La represión emocional en el trabajo


La represión emocional muestra el miedo que tienen muchos empleados a la hora de mostrar sus sentimientos más profundos en el mundo de la empresa. De hecho, son pocos los trabajadores que se atreven a decir aquello que piensan en una discusión con su jefe. Entre otras cosas, porque a veces, se cree que para decir ciertas cosas hay que perder las formas. Cuando en realidad, la asertividad puede ponerse en práctica incluso, para decir aquello con lo que no estás de acuerdo.

La represión emocional produce consecuencias muy negativas, dañinas y destructivas a largo plazo. Tanto que en ocasiones, el sujeto puede llegar a enfermar por exceso de estrés, o sencillamente, porque arrastra un malestar inhumano al sentir que no puede mostrarse tal y como es. En el trabajo, existen muchos miedos. Uno de los más fuertes y más extendidos, es el temor a un despido. En ese caso, conviene tener en cuenta que en la medida en que ganas libertad interior, también, tienes una noción más constructiva y positiva del entorno laboral en el que trabajas.

La Inteligencia Emocional es la mejor herramienta para compensar las consecuencias negativas que surgen de la represión.
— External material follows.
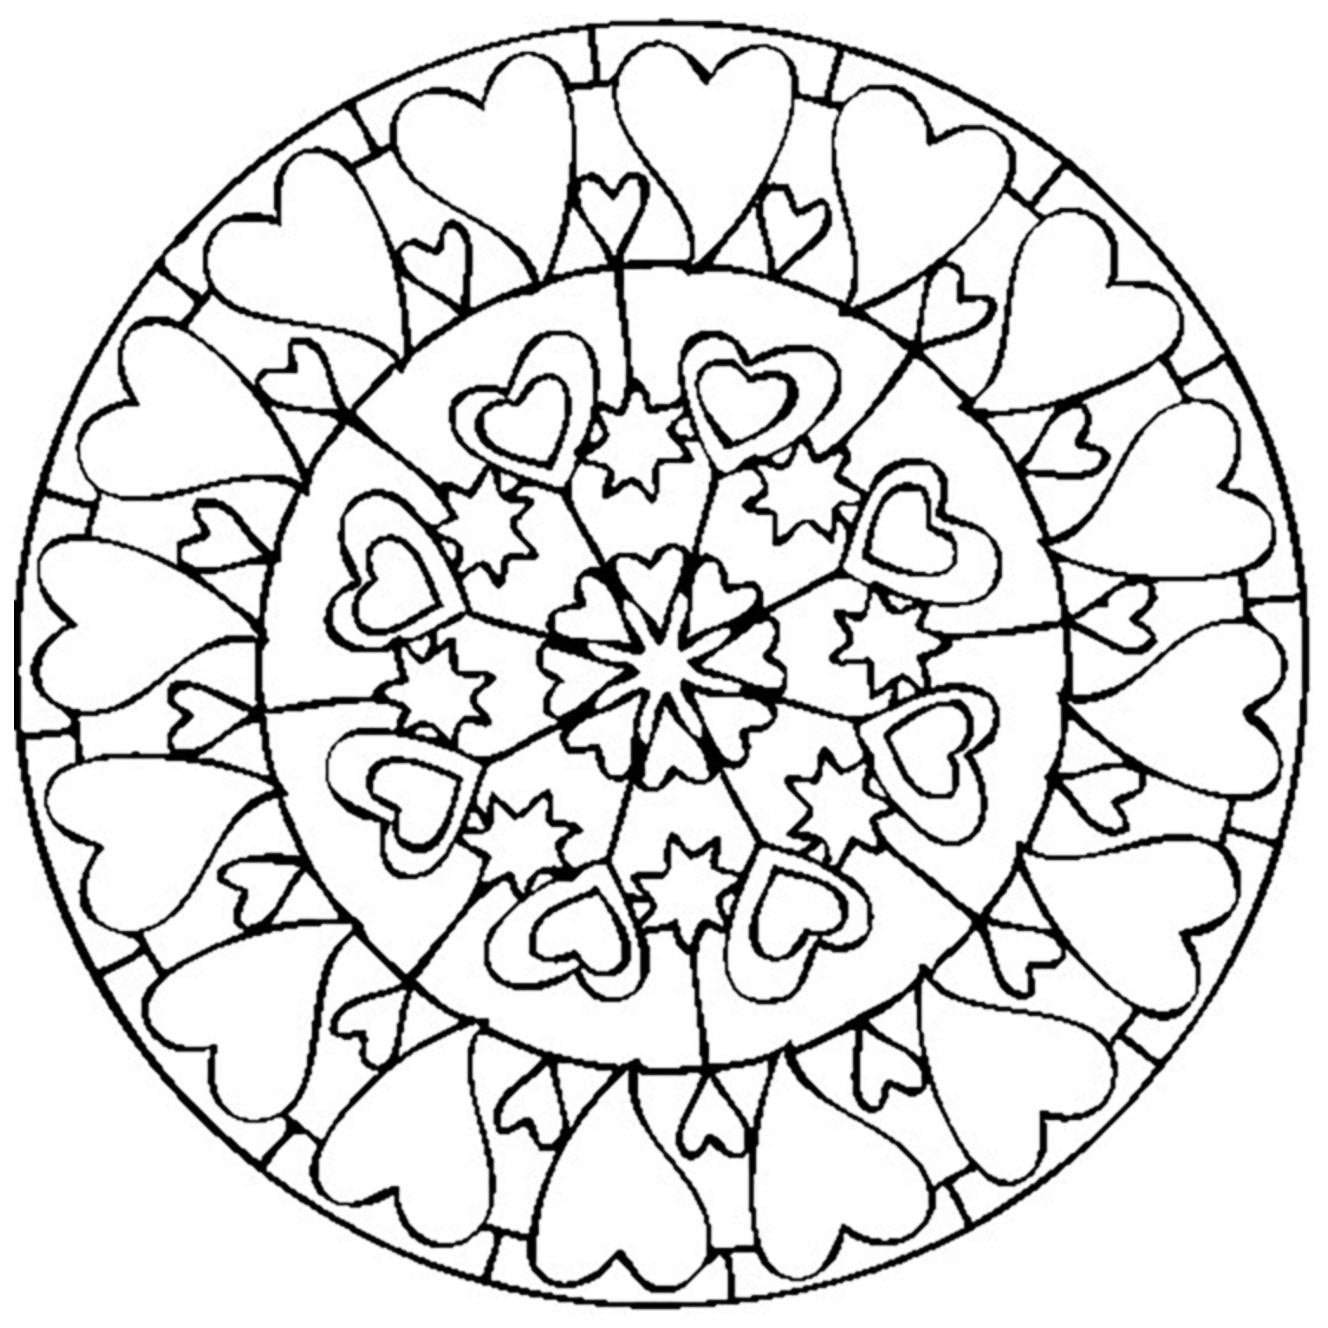 Mandala spécial Saint Valentin dessiné à la main, avec de jolis coeurs de tailles diverses et variées.
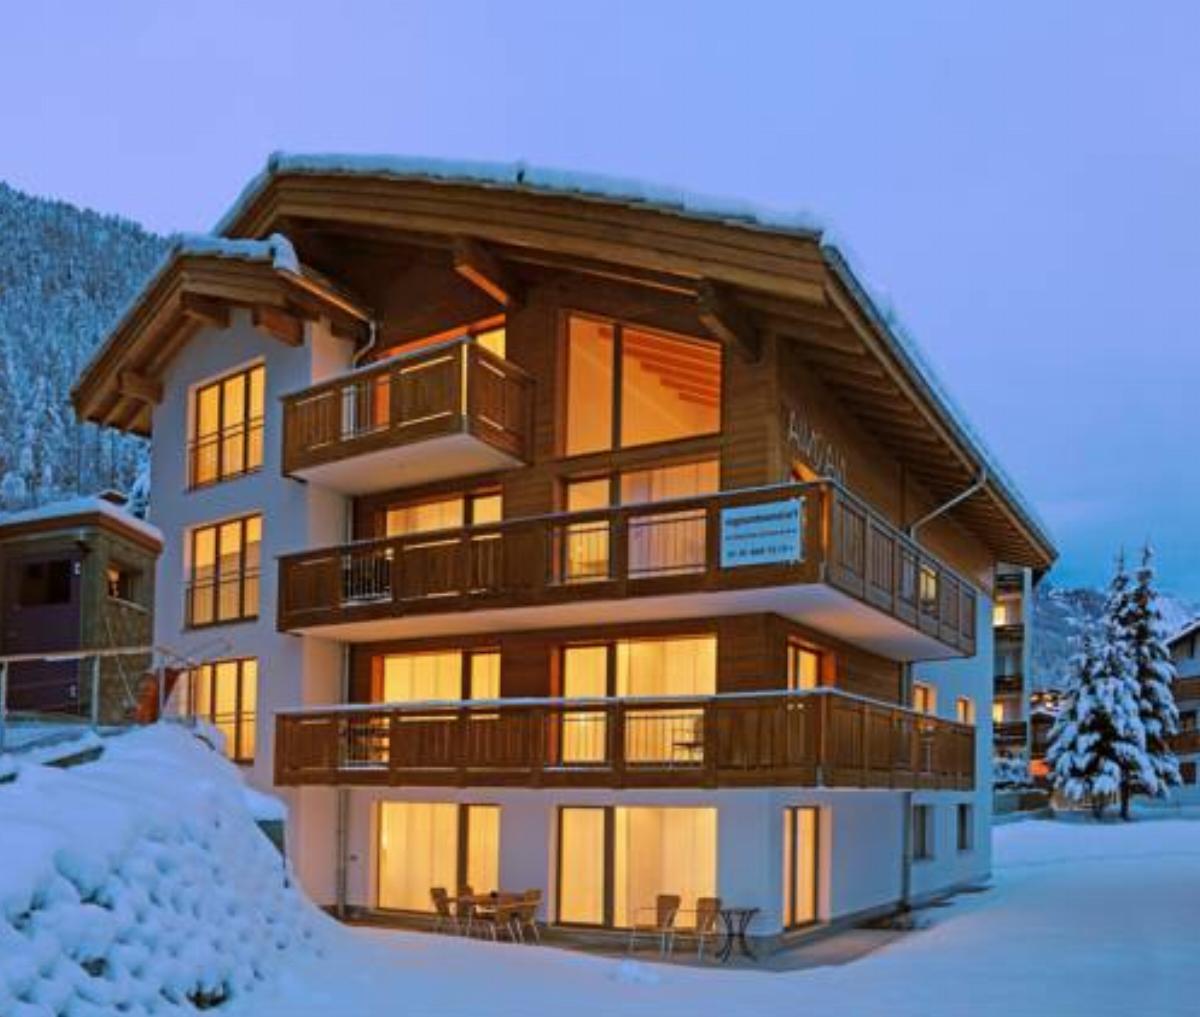 Haus Narnia Hotel Zermatt Switzerland

Es decir, empieza a decir, en primera persona todo aquello que te preocupa, conecta con tus sentimientos más profundos. Por ejemplo, en el trabajo, intenta potenciar la motivación, la ilusión, las ganas por conocer mejor a los compañeros, la alegría de tener un trabajo, la capacidad de hacer las cosas de diferente forma para romper la rutina… En el trabajo, al menos, resulta vital que puedas contar con alguien cerca en quien te puedas apoyar plenamente y con una confianza ciega. Por supuesto, cuando llegas nuevo a una empresa tienes que darte un tiempo para poder integrarte plenamente y ser uno más en el equipo.